Randomized Phase II Trial of Trastuzumab or EVEROLIMUS in Hormone-refractory Metastatic Breast Cancer

The purpose of this study is to investigate if trastuzumab or everolimus alone or in
combination are effective for metastatic breast cancers that are no longer controlled with (
are resistant to) hormonal therapies, and express small to moderate amounts of HER2/neu.
There is no standard of care for disease once it becomes resistant to hormonal therapy, and
many patients are treated with chemotherapy. Trastuzumab alone or trastuzumab in
combination with everolimus, have not been previously used to treat breast cancers than are
resistant to hormonal therapies and have small to moderate amounts of HER2/neu. Everolimus
alone has been demonstrated to improve outcome for patients with hormone-resistant
metastatic breast cancer that is resident to hormonal agents.

In this study participants will be randomized 50:50 to receive trastuzumab alone or
everolimus alone alone with the most recent hormonal agent they have taken. At the time of
disease progression, patients randomized to receive trastuzumab will start everolimus, and
patients randomized to everolimus will receive trastuzumab, so that all patients ultimately
receive both agents. Trastuzumab is widely used to treat all stages of breast cancer, and is
currently approved for the treatment of early and advanced breast cancer that have very high
amounts of HER2/neu. Everolimus, when given with hormonal therapy, has been demonstrated to
improve outcome for patients with hormone-resistant metastatic breast cancer. Patients will
continue on the most recent hormonal therapy they received prior to entering this study.

It is hoped that trastuzumab alone, everolimus alone, or trastuzumab in combination with
everolimus, may cause your tumor to stop growing or possibly to cause your tumor to shrink.
This assessment will be based on measuring changes in the size of your tumor. You will be
requested to have a biopsy of one of your metastatic areas prior to study entry to measure
the amount of HER2/neu protein in your tumor.

Inclusion Criteria:

Patients will be included in the study based on the following criteria:

- Hormone-refractory metastatic breast cancer defined as disease progression within 6
months from starting most recent hormonal therapy

- At least 2 prior endocrine therapies, including in the adjuvant setting. Patients
must have had at least one hormonal agent in the metastatic setting

- Candidate for hormonal therapy (ER and/or PR-positive at primary diagnosis and at
metastatic diagnosis where tissue is available)

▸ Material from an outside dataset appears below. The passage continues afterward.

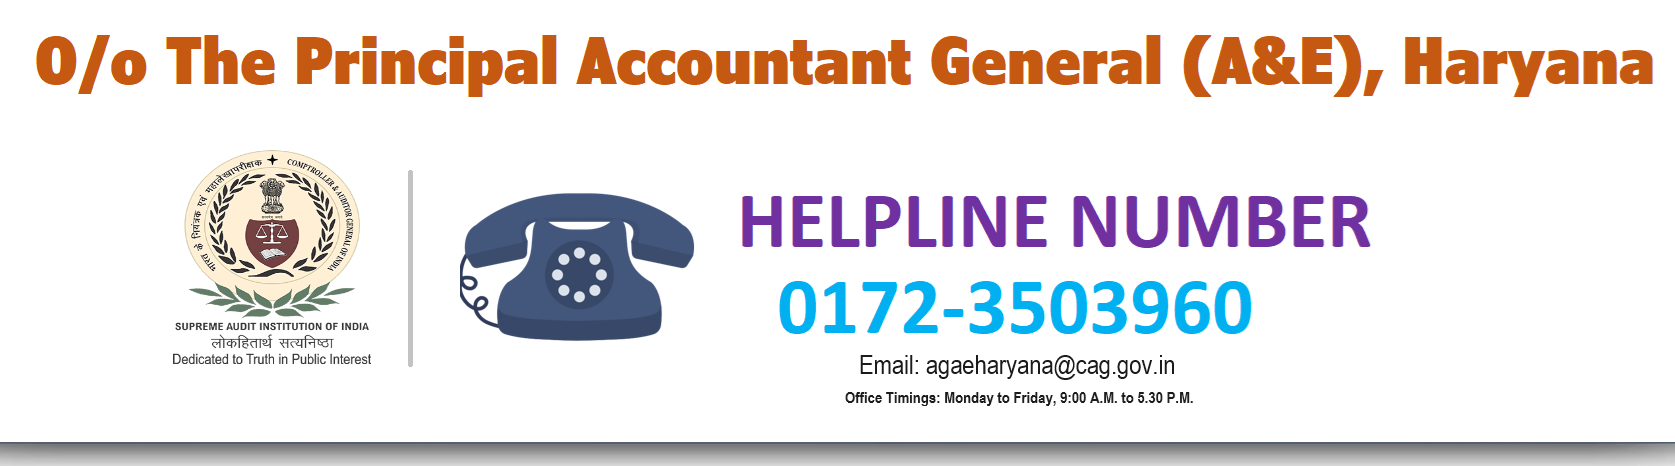 Accountants General (A&E)
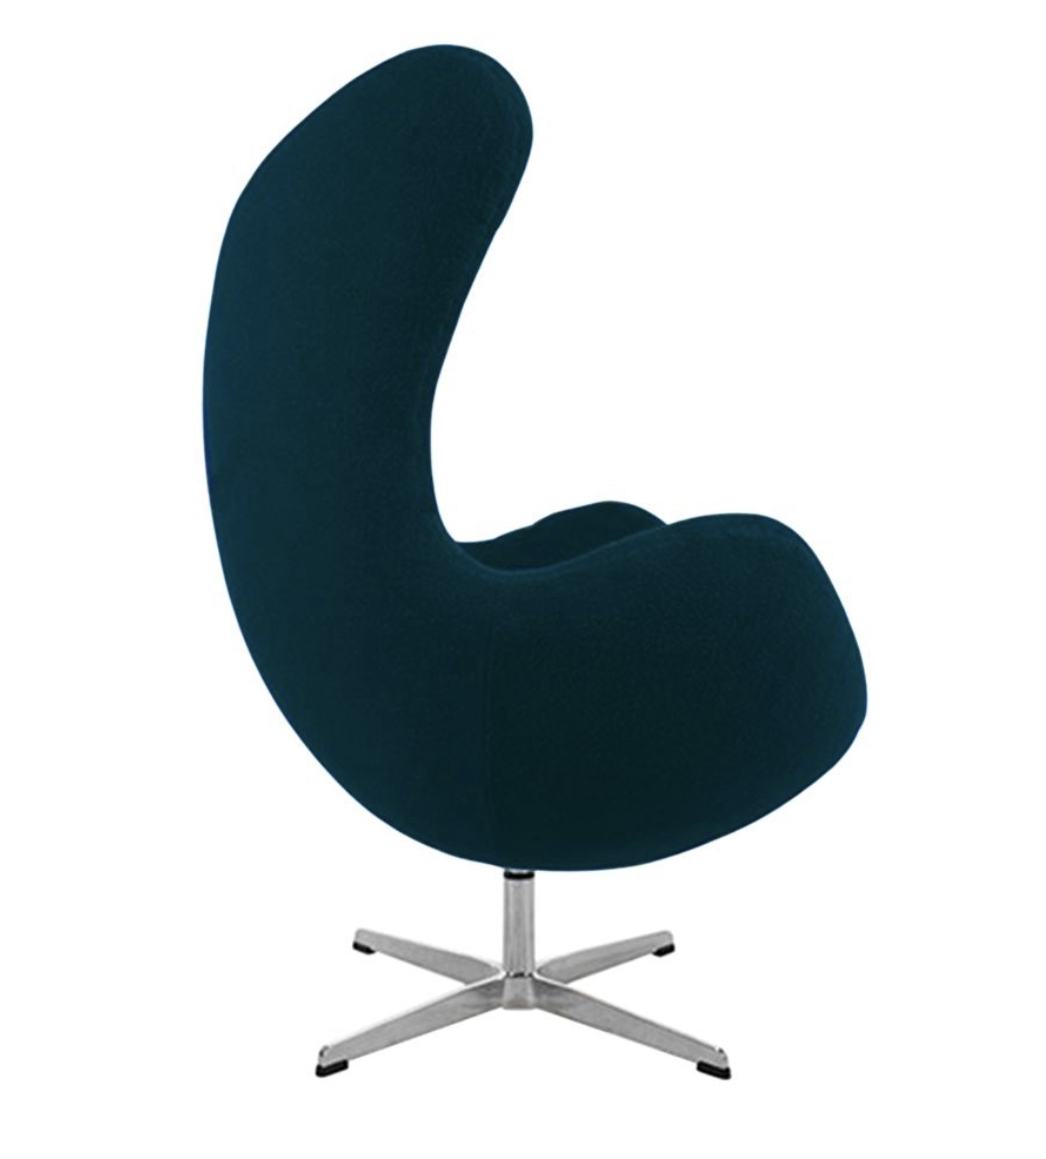 Arne Jacobsen Style Egg Chair Leather Black

- HER2/neu-negative breast cancer by standard criteria (FISH-negative and IHC <3+) at
primary diagnosis

- If biopsy of metastatic lesion is performed prior to study entry, HER2 expression by
IHC must be 1+ or 2+.

- Histologically confirmed, measurable disease

- Life expectancy > 6 months

- Age >18 years

- ECOG performance status

- Adequate bone marrow function as indicated by the following:

ANC >1500/uL Platelets ≥100,000/uL Hemoglobin >10 g/dL

- Adequate renal function, as indicated by creatinine ≤1.5x upper limit of normal (ULN)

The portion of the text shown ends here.